Toggle every element in a list in haskell

Question

I have to write a function that toggles a list of given Booleans for example :

input : toggle [True,False,False]

output: [False,True,True]

This is what I came up with

toggle :: [Bool] -> [Bool]
toggle [a] = not a:[a]
toggle [] = []

And I keep getting this error:

*** Exception: Uebung3.hs:38:1-20: Non-exhaustive patterns in function toggle

It's a very basic question, I come from Java and have just started to learn Haskell.

Answer 1

As a pattern, [a] is a singleton list: a list containing just one element, a .

As a type, [a] is a list of a -type values. But not as a pattern.

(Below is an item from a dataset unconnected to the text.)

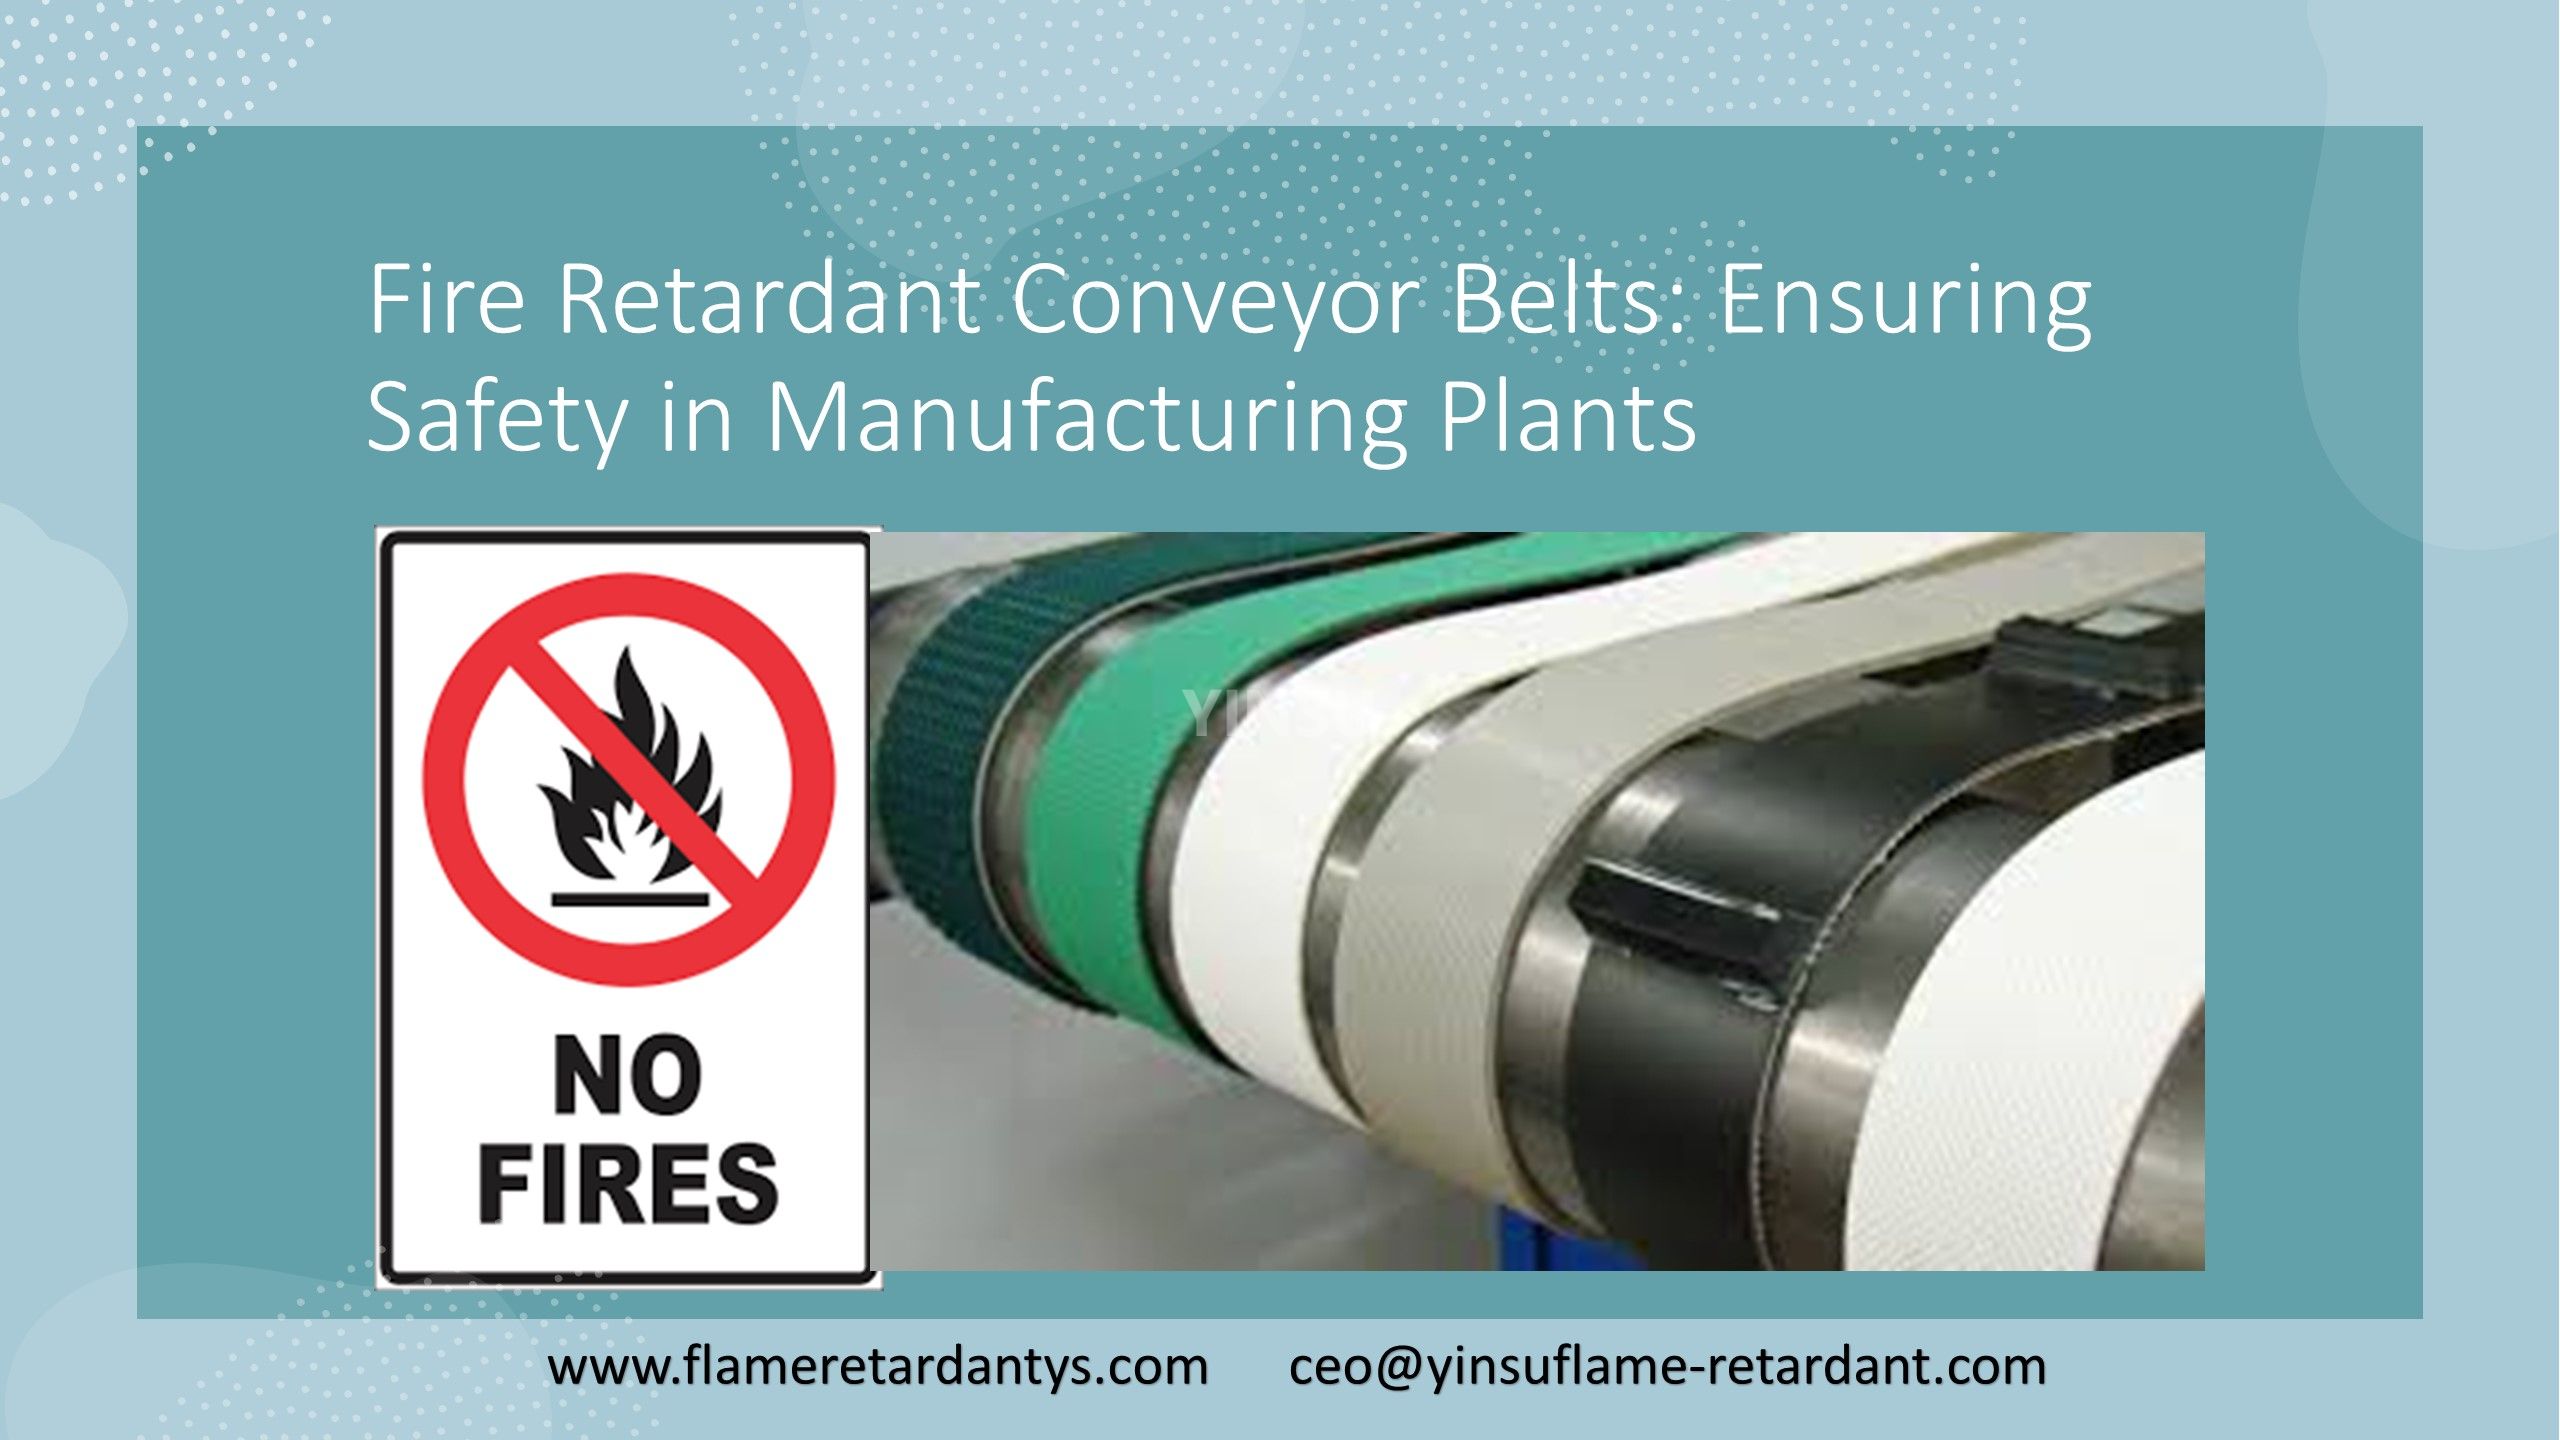 10.27 Огнезащитные конвейерные ленты, обеспечивающие безопасность на производственных предприятиях

The pattern (a : as) stands for a non-empty list with head element a and the rest of elements as . Use it as the pattern in your equation:

-- toggle [a] = not a:[a]
toggle (a : as) = not a : _______ as
toggle [] = []

You need to complete it by filling in the blanks, to make this definition recursive.

Definitions are recursive when they refer to self to make a helper call to continue doing their job for the remaining part of their input.

The patterns [] (empty list) and (a : as) (non-empty list) are mutually exclusive. More, together they are exhaustive: there are no other possibilities for a list value to be.

But the patterns [] and [a] together are not exhaustive: they do not cover the case of lists of two elements, or longer. The [a] pattern is the same as (a : []) , a list with an empty list as its tail.